Среди похищенного оказались альбом с вырезками и записями, разные картинки, прилепленные к дверце, и весь принадлежавший Брайану запас марихуаны, спрятанный там без ведома Клариссы. Рут никогда в жизни не пробовала наркотики, но в тот вечер она методично вытряхивала табак из длинных коричневых сигарет, которые курила ее мать, и набивала их травкой. Пробравшись в сарай, она зажгла фонарик, разложила перед собой мои фотографии и выкурила столько дури, сколько не снилось даже завзятым школьным «торчкам».
Миссис Коннорс в это время мыла посуду и унюхала дымок, прилетевший из сарая через кухонное окно.
— Видимо, Рут все же нашла общий язык с одноклассниками, — сообщила она мужу, сидевшему с вечерней газетой за чашкой кофе. До предела выматываясь на работе, он к вечеру мало что соображал.
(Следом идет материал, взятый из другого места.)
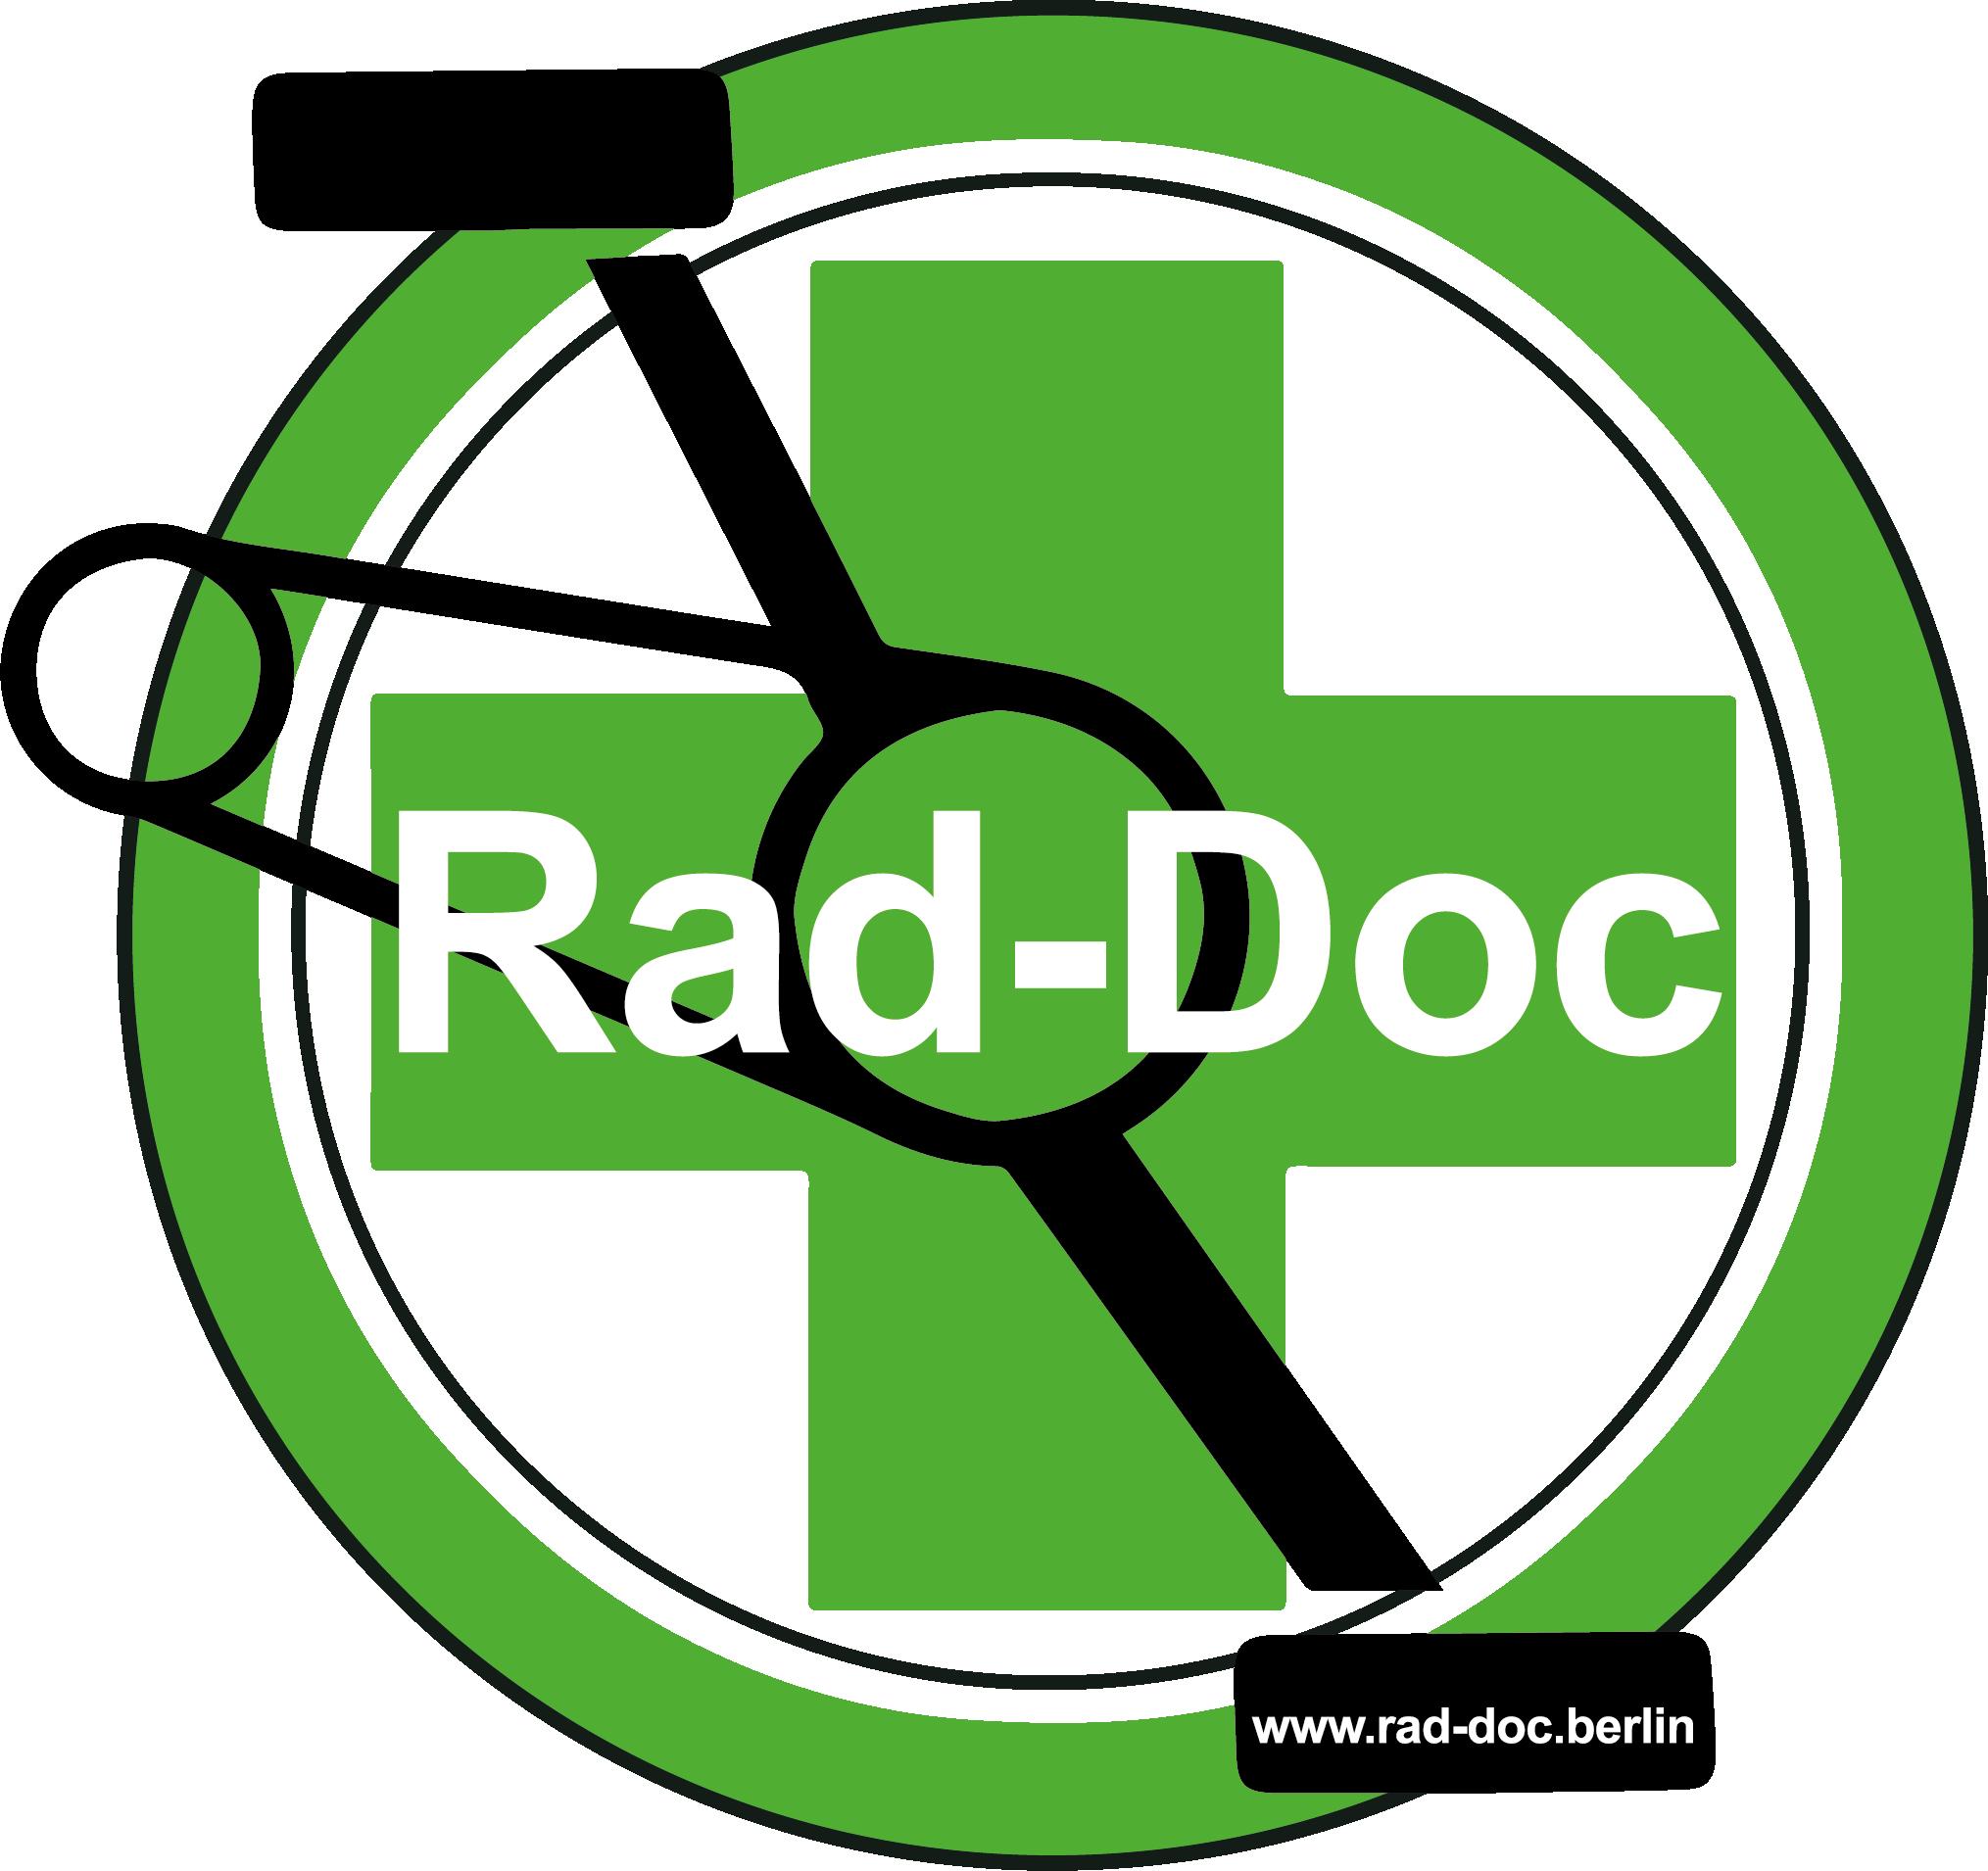 Rad-Doc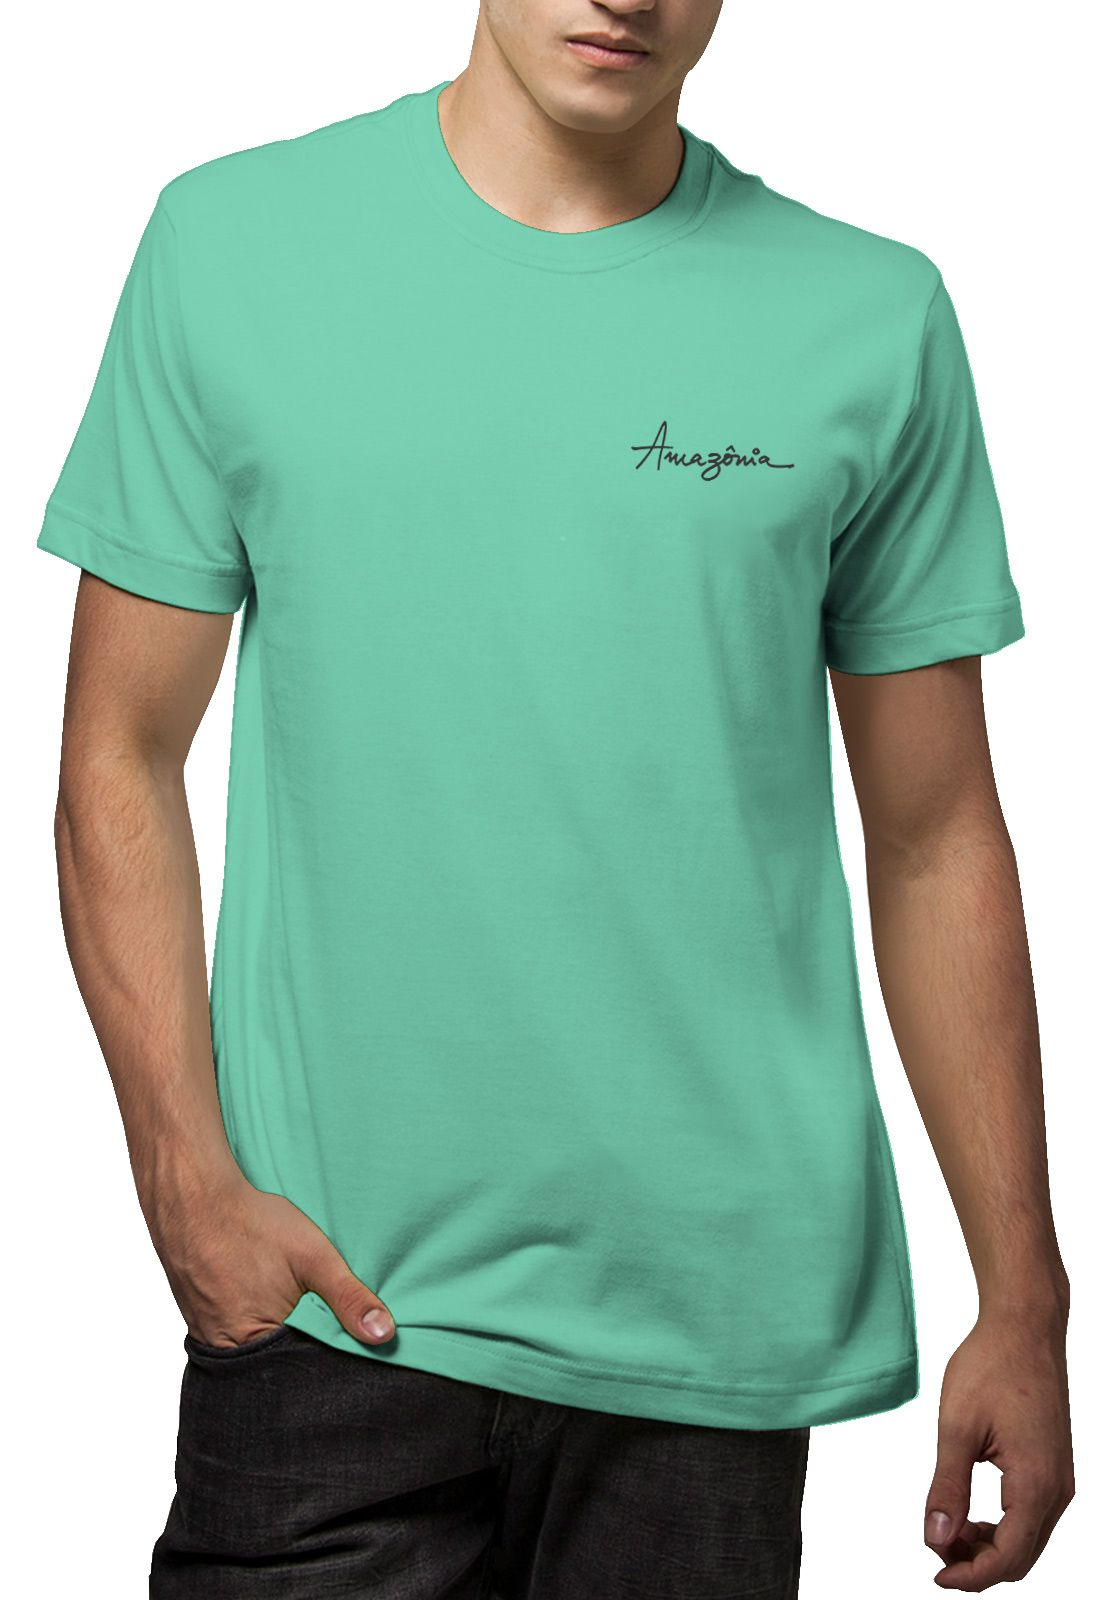 Camiseta Amazônia Semeando a Natureza - Verde Claro

— Это хорошо, — ответил он.
Будем надеяться, не такая уж она бука. — Будем надеяться, — подтвердил отец. К ночи Рут приплелась домой. От тусклого луча фонарика и от восьми косяков у нее затуманились глаза, но мать ни словом ее не упрекнула и даже предложила попробовать пирог с черникой, который остывал на кухне. Только через пару дней, поработав над источниками, не связанными напрямую с Сюзи Сэлмон, Рут сообразила, каким образом смогла умять весь пирог за один присест.
На небесах иногда пахло скунсом — правда, совсем чуть-чуть. В земной жизни я любила этот запах. Вдыхала его — и как бы пробовала на ощупь. В нем смешивались и животный страх, и сила, и терпкий, неотвязный мускус. Впрочем, в небесной сфере у Фрэнни пахло дорогим марочным табаком. А у Холли — плодами кумквата.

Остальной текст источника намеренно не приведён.